Abstract
We report a unique case of rhombencephalomyelitis with unclear aetiology, diagnosed with Hodgkin’s lymphoma (HL) on follow-up.
A woman in her 50s was presented with gait difficulty, dysarthria, left Horner’s syndrome and left trigeminal sensory loss. MRI of the brain revealed an enhanced T2 and fluid attenuated inversion recovery hyperintense lesion at the cervico-medullary junction, suggesting rhombencephalomyelitis. The initial differential diagnosis included demyelination, other inflammatory conditions like sarcoidosis, Behcet’s disease and paraneoplastic syndrome. Cerebrospinal fluid analysis, serum myelin oligodendrocyte glycoprotein, neuromyelitis optica antibodies, vasculitis work-up, onconeural antibody panel and whole-body fluorodeoxyglucose-positron emission tomography scan were all unrevealing, and she was kept under close follow-up. After 18 months, she developed a prolonged fever and was diagnosed with HL. Rhombencephalomyelitis as a HL-associated paraneoplastic syndrome has not been reported in the literature. This case report highlights the importance of serial screening for occult malignancy in patients with suspected paraneoplastic syndrome.
Keywords: Brain stem / cerebellum, Neuroimaging, Immunology, Screening (oncology)
Background
Rhombencephalitis is an inflammation of the brainstem and cerebellum (hindbrain) and has a variety of potential aetiologies like infections, demyelinating and inflammatory disorders, and paraneoplastic syndrome.1 In some situations, inflammation can extend to the upper cervical spinal cord, causing rhombencephalomyelitis. Paraneoplastic rhombencephalitis is rare and is considered a non-classical paraneoplastic neurological syndrome. Most of the reported paraneoplastic brainstem encephalitis was associated with anti-Hu antibody-positive small cell lung carcinoma.2 We report the case of a patient with possible paraneoplastic rhombencephalomyelitis associated with HL.
Case presentation
A woman in her 50s was presented with 1 week history of unsteady gait, left facial numbness, slurred speech and right lower limb numbness. Her medical history was unremarkable, except for recently diagnosed mild diabetes. On examination, she had dysarthria, left Horner’s syndrome, left trigeminal sensory loss, gait ataxia and bilateral extensor plantar reflex.
She underwent MRI of the brain which revealed a cervico-medullary lesion, hyperintense on T2 and fluid attenuated inversion recovery sequence extending from the lower medulla to the lower part of the C2 segment of the spinal cord. Lesions showed patchy nodular enhancement (figure 1). Diagnostic possibilities considered were demyelinating disorder, other inflammatory conditions like Behcet’s disease, Sjogren’s syndrome, sarcoidosis and paraneoplastic syndrome. Routine blood investigations showed haemoglobin 140.1 g/L (120–150), white blood cell count 10 340 cell/mm3, erythrocyte sedimentation rate 33 mm/hour, creatinine 0.7 mg/dL (0.5–1.1) and liver function test was normal. Serum angiotensin-converting enzyme level, rheumatoid factor, antinuclear antibody, neuromyelitis optica antibody and myelin oligodendrocyte glycoprotein antibody were all negative. Cerebrospinal fluid analysis was normal. Chest radiograph and thorax CT scan were unremarkable. A whole-body fluorodeoxyglucose (FDG)-positron emission tomography (PET) scan to look for any evidence of systemic malignancy was also normal. Considering the possibility of demyelination—seronegative neuromyelitis optica spectrum disorder, she was treated with parenteral methylprednisolone 1 g/day for 5 days.
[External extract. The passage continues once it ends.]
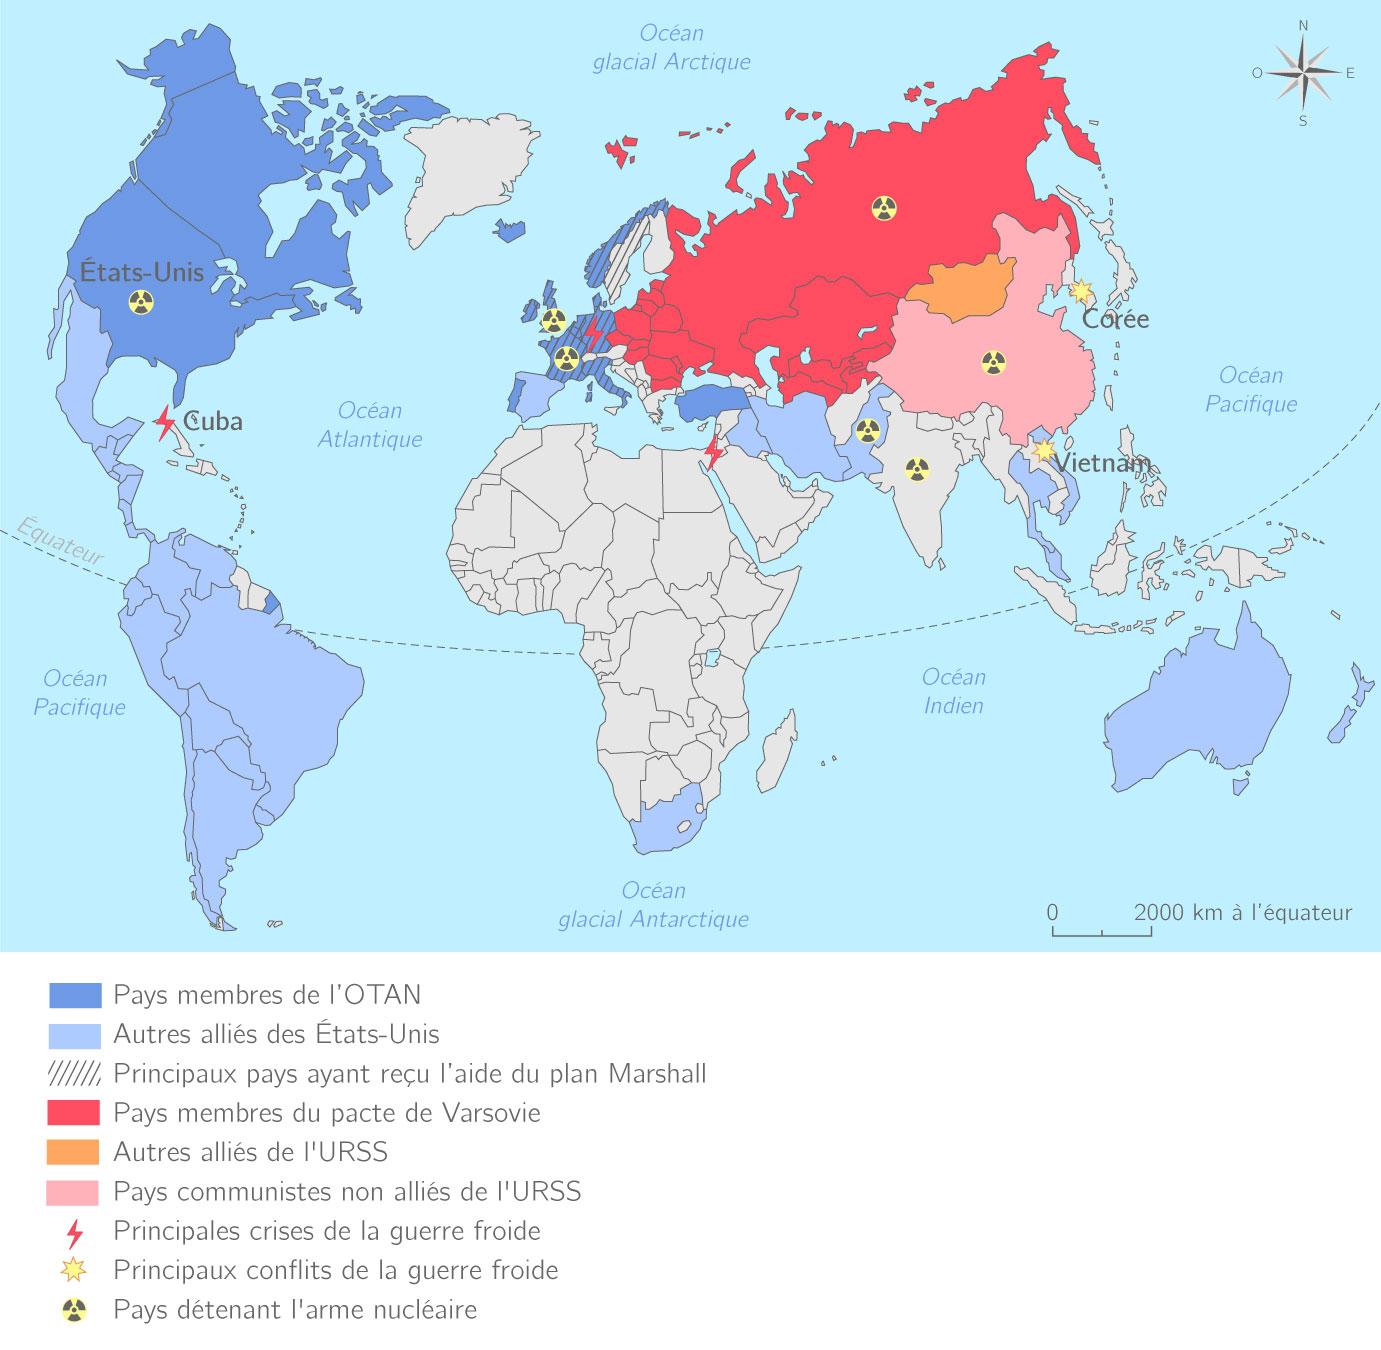 Carte Du Monde Pendant La Guerre Froide.Un Monde Bipolaire Au Temps De La Guerre Froide 3e Cours

She reported partial improvement. MRI of the brain was repeated after 2 months which revealed almost the same findings. At 12 months follow-up, MRI of the brain revealed few new lesions involving the pons, but the extent of contrast enhancement decreased (figure 2A–D).
Figure 1.
Top panel —MRI T2 sequence of brainstem and cervical spinal cord. (A) Sagittal section showing hyperintense lesion involving medulla. (B) Axial section at medulla level shows hyperintense lesion involving both sides of medulla. (C) Sagittal section showing hyperintense lesion extending up to lower part of C2 segment of spinal cord. (D) Axial section at C2 level of spinal cord showing hyperintensity involving mainly left side. Bottom panel—MRI T1 postgadolinium contrast sequences showing patchy enhancement of medullary and cervical cord lesions. (E) Sagittal section, (F) Axial section at medullary level, (G) Coronal section and (H) Axial section at C2 spinal cord level.
Figure 2.
Follow-up MR images (A–E) and histopathology of lymph node biopsy. (A) T2 coronal section and (B) T2 sagittal section showing extension of hyperintensity up to lower cervical spinal cord (thick arrow) and pons (thin arrow). (C) T2 fluid attenuated inversion recovery axial image at pons level showing ventral midline hyperintensity at upper pons. (D) T1 postgadolinium contrast showing good resolution of enhancement of brainstem and cervical cord lesions compared with initial MRI. (E) Histopathology picture of lymph node showing binucleated atypical cells (reed Sternberg cells) suggestive of Hodgkin’s lymphoma.
Outcome and follow-up
After 18 months of follow-up, she developed a prolonged low-grade fever, night sweats and anaemia. Her inflammatory markers were elevated. So, a whole-body FDG-PET CT scan was repeated, which showed a large lymph node in the right iliac fossa. She underwent laparoscopic excision biopsy of the lymph node, and histopathology revealed HL (figure 2F). She was started on chemotherapy with adriamycin, bleomycin, vinblastine, dacarbazine (ABVD regimen). Ten days after the first course of chemotherapy, she had a massive myocardial infarction and died at another centre.
Discussion
This case highlights an unusual clinical presentation with an atypical evolution and peculiar neuroimaging. Rhombencephalomyelitis developed acutely and partially responded to steroids. Though the patient had a long lesion extending from the medulla to the upper cervical cord in the MRI, she had only minimal deficits. Common differential diagnoses of isolated cervico-medullary intra-axial lesions include neoplasms, atypical demyelination, inflammatory lesions like Bechet’s disease, Sjogren’s syndrome, sarcoidosis, paraneoplastic syndrome and infections like Listeria monocytogenes.1 All these conditions were ruled out by appropriate investigations. Whole-body FDG-PET in search of evidence of a systemic malignancy was also normal.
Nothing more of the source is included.